Approximate read time: 16 minutes

1. Background

In the UK, financial services are regulated by operationally independent organisations. The two principal regulators are the Financial Conduct Authority (FCA) and the Bank of England’s Prudential Regulation Authority (PRA), each with separate and independent statutory mandates.[1] The Financial Services and Markets Act 2000 sets out the statutory objectives of these organisations. The primary strategic objective of the FCA is to ensure “that the relevant markets function well”.[2] The PRA has two primary objectives: the general objective of “promoting the safety and soundness of PRA-authorised persons” and an insurance objective of “contributing to the securing of an appropriate degree of protection for those who are or may become policyholders”.[3]

The Financial Services and Markets Act 2023 introduced a new secondary international competitiveness and growth objective for both the FCA and PRA. This is given in section 25(3) as follows:

The competitiveness and growth objective is: facilitating, subject to aligning with relevant international standards—

(a) the international competitiveness of the economy of the United Kingdom (including in particular the financial services sector), and

(b) its growth in the medium to long term.

The FCA and PRA both published reports one and two years after the act came into force which set out how they have implemented their new secondary objective, as required by the 2023 act.[4]

2. Financial Services Regulation Committee report

On 8 May 2024, the House of Lords Financial Services Regulation Committee launched an inquiry to examine the progress made on the FCA and PRA’s secondary competitiveness and growth objective. The committee published its inquiry report ‘Growing pains: Clarity and culture change required’ on 13 June 2025.

The committee concluded that “the secondary objective has proved a valuable stimulus for the regulators to increase their focus on the impact of their activities on growth and international competitiveness within the sector”.[5] However, the inquiry also uncovered long-standing cultural and regulatory barriers that they argue may undermine this objective.

The report first considered the secondary objective in the context of the financial sector, then in the context of the wider economy. Lastly, it analysed the role of government in helping regulators to navigate the secondary objective.

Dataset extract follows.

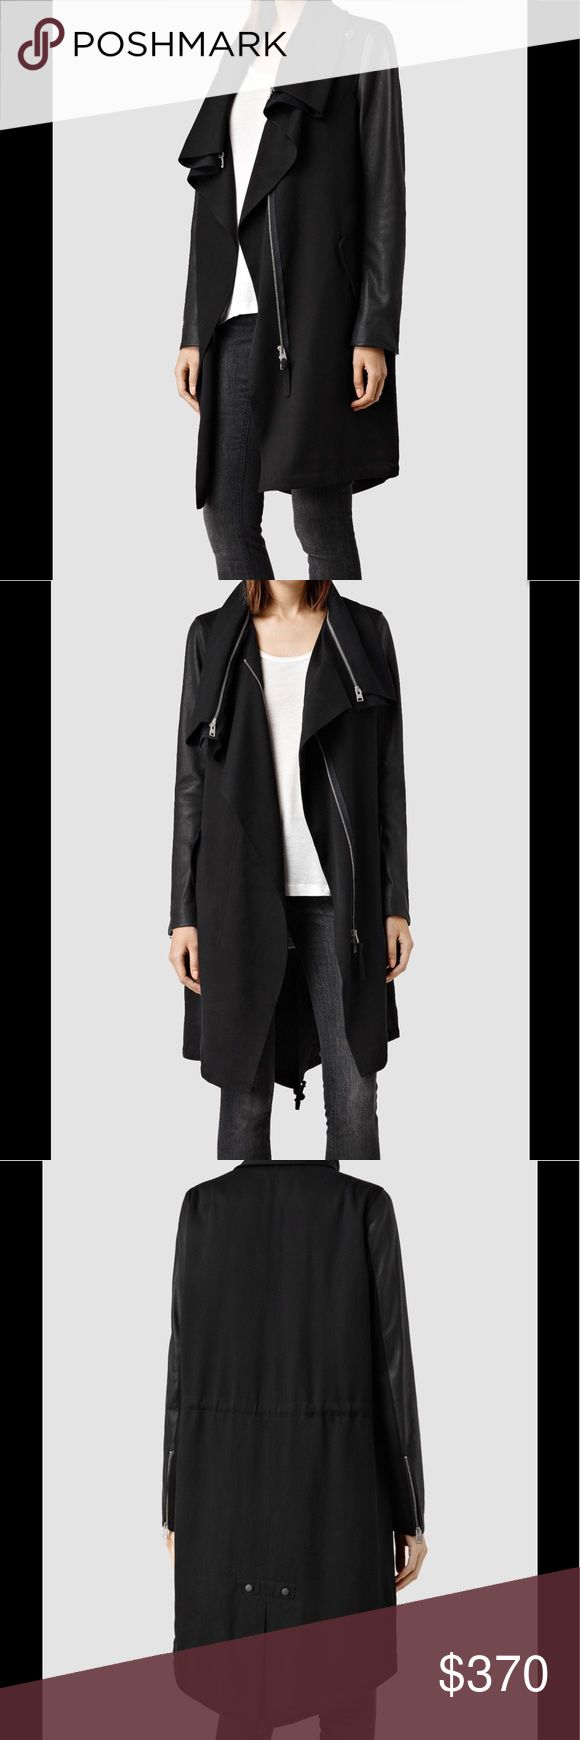 All Saints Luna parka size US 6 This is the gorgeous All Saints Luna Parka Jacket coat Black Gorgeous versatile coat !  100% Lamb leather sleeves. All Saints Jackets & Coats

2.1 Secondary objective in the financial services sector

The committee concluded that the progress towards the secondary objective in the financial services sector was being impeded by the following key barriers:

  • Culture of risk aversion. Witnesses claimed that the financial services regulatory environment was characterised by a culture of risk aversion driven by repercussions of the 2008 financial crisis and conflicting pressures from the government, parliament, industry, consumers, and the media.[6] The report recommended that the FCA and PRA’s senior leadership team should drive cultural change towards “a more tailored and proportional approach to the risks posed by regulated firms”.[7]
  • High burden of compliance. The committee also found that the UK is perceived to have a disproportionately high burden of compliance and that regulators have a poor understanding of the cumulative burden of regulation on financial services firms.[8] Firms told the committee that this is driven partially by ‘mission creep’ as the FCA and PRA have expanded the range of activities they regulate.[9] The report also stated that the FCA and PRA did not appropriately tailor their approach to ensure that regulation and supervision are proportionate.[10] In particular, they did not do enough to distinguish between firms that cater to wholesale and retail markets. To combat these issues, the committee recommended that “the government commissions an independent study to assess the cumulative cost of compliance in the financial services sector relative to other international jurisdictions”.[11]
  • Complex regulatory environment. Financial services firms also told the committee that the UK’s regulatory environment was overly complex, due partly to significant overlap between regulators.[12] The inquiry found that this overlap “has made it harder for firms to conduct business and has delayed the implementation of key reforms”.[13] The committee welcomed the government’s commitment to simplify the UK’s regulatory regime and recommended an assessment of regulatory overlap in the financial services landscape.[14]
  • Regulatory inefficiencies. The inquiry also found that regulatory inefficiencies were slowing the ability of domestic firms to launch new products and services, despite commitments from the FCA and PRA to improve authorisation times.[15] The report recommended that regulators should be more transparent in reporting timescales involved in authorisations and that statutory operating service metrics for the FCA and the PRA should be reviewed. It also recommended that the FCA and PRA should do more to facilitate innovation and explore the use of regulatory and supervisory technology.[16]
  • Regulatory uncertainty. The committee found that regulatory uncertainty may reduce the attractiveness of investing in the UK.[17] Sources of uncertainty included failure of the FCA to clarify how firms should comply with the Consumer Duty and tension between the FCA rules and the Financial Ombudsman Service (FOS) decision processes. The committee recommended that the FOS’s remit should be brought closer to its original mandate (to resolve disputes between consumers and financial service firms) rather than operating as a “quasi-regulator”.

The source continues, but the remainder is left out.